Type out the complete listing below word for word, without its pictures.

→ **Supplied information**:
[Start of Attachment]

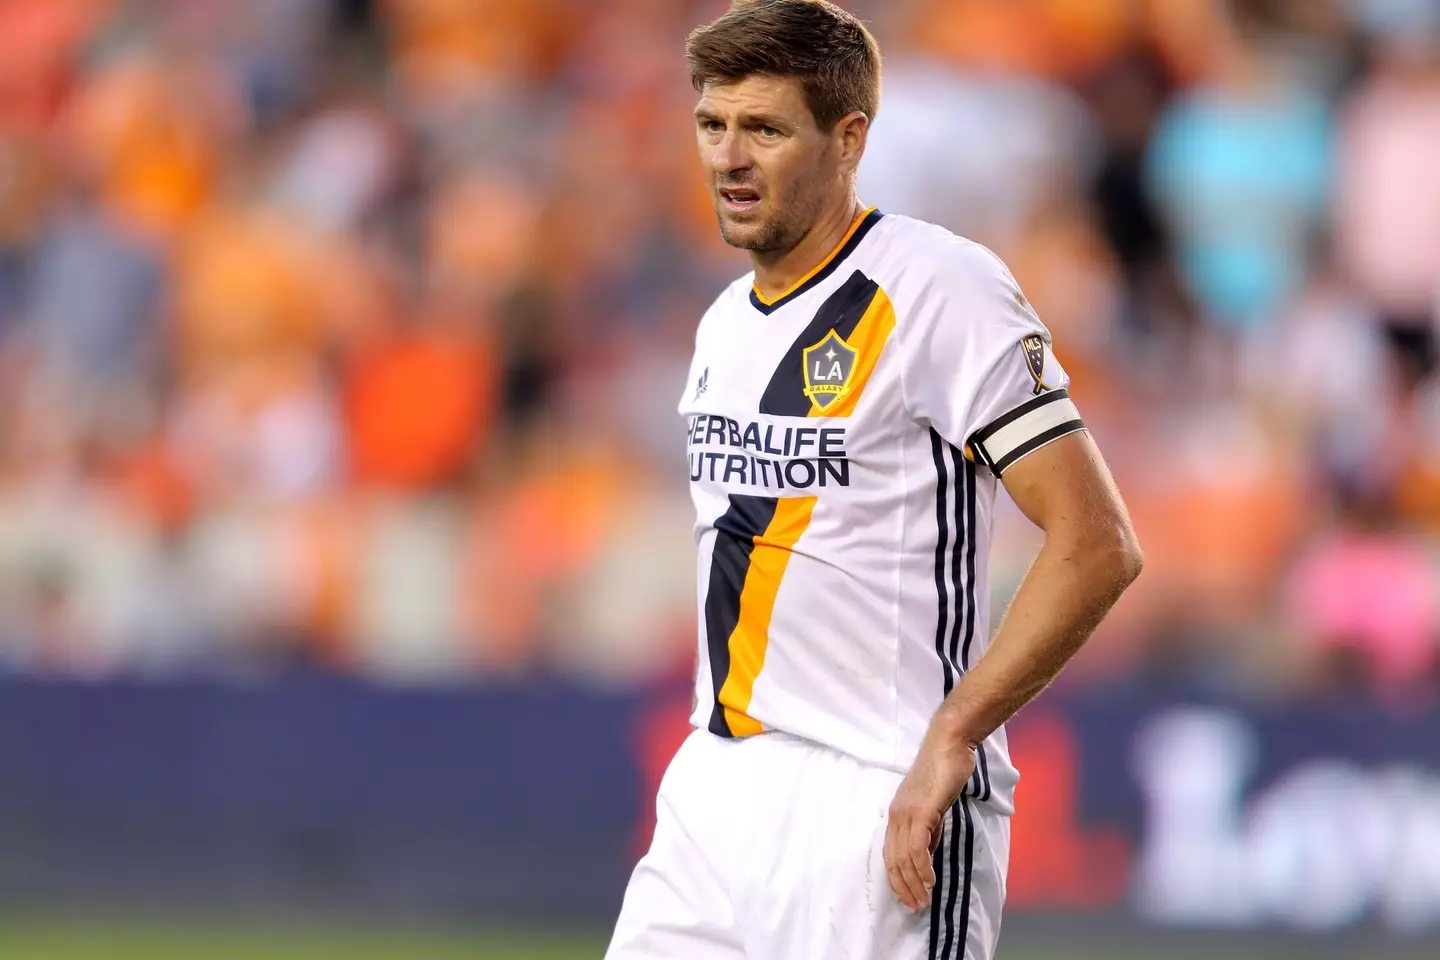 Gerrard move to LA Galaxy after his time in the Premier League was up. Image: Alamy
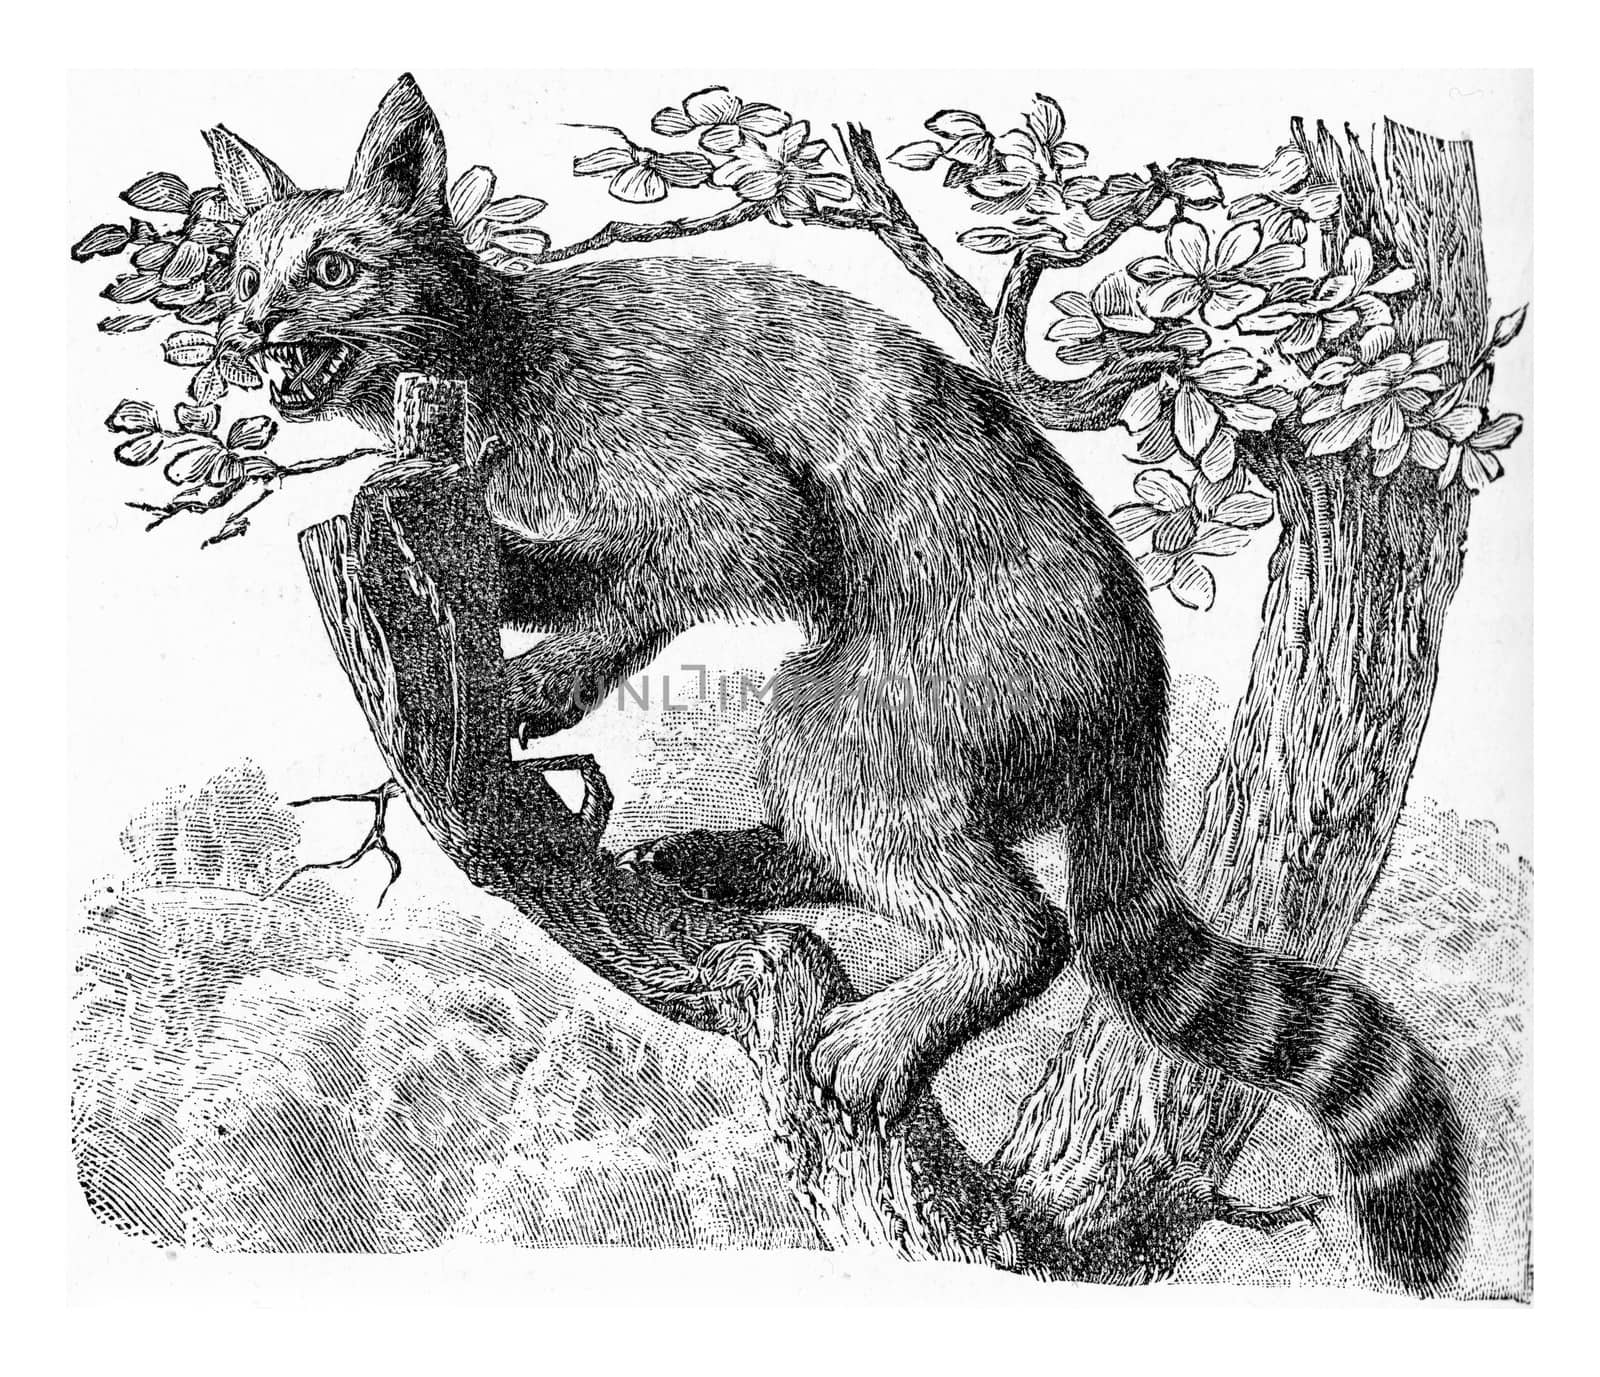 The wildcat, vintage engraved illustration. From Deutch Vogel Teaching in Zoology.
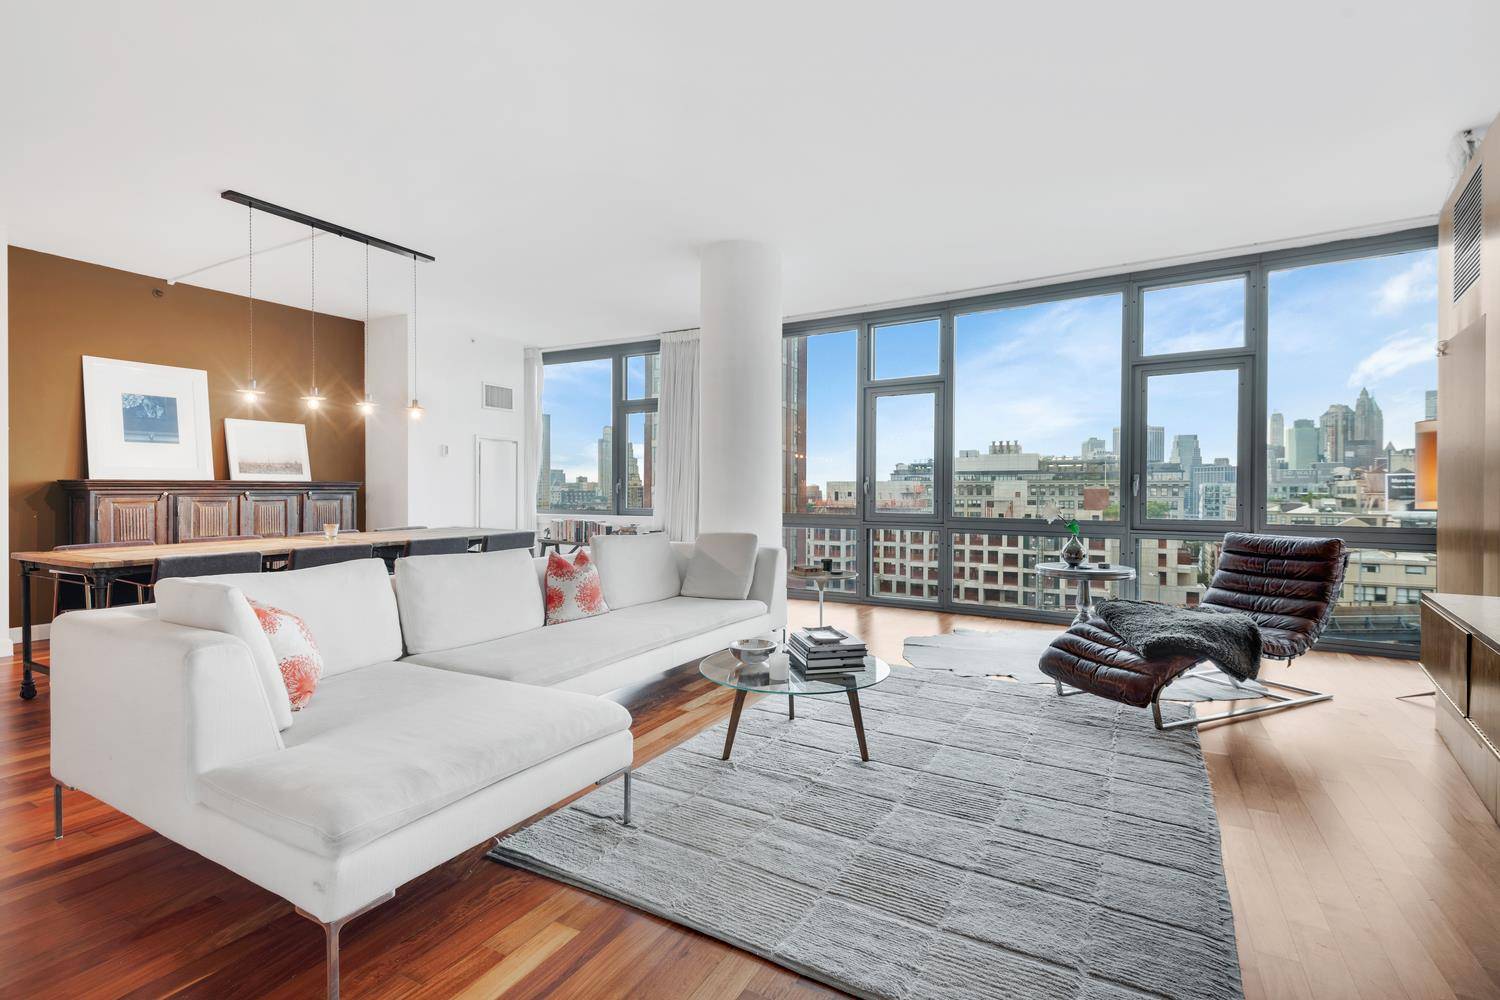 NO FEE CYOF Luxury and Views combined to make the perfect Dumbo home.

[End of Attachment]

→ **Finished exercise**:
 Gerrard move to LA Galaxy after his time in the Premier League was up. Image: Alamy
 The wildcat, vintage engraved illustration. From Deutch Vogel Teaching in Zoology.
 NO FEE CYOF Luxury and Views combined to make the perfect Dumbo home.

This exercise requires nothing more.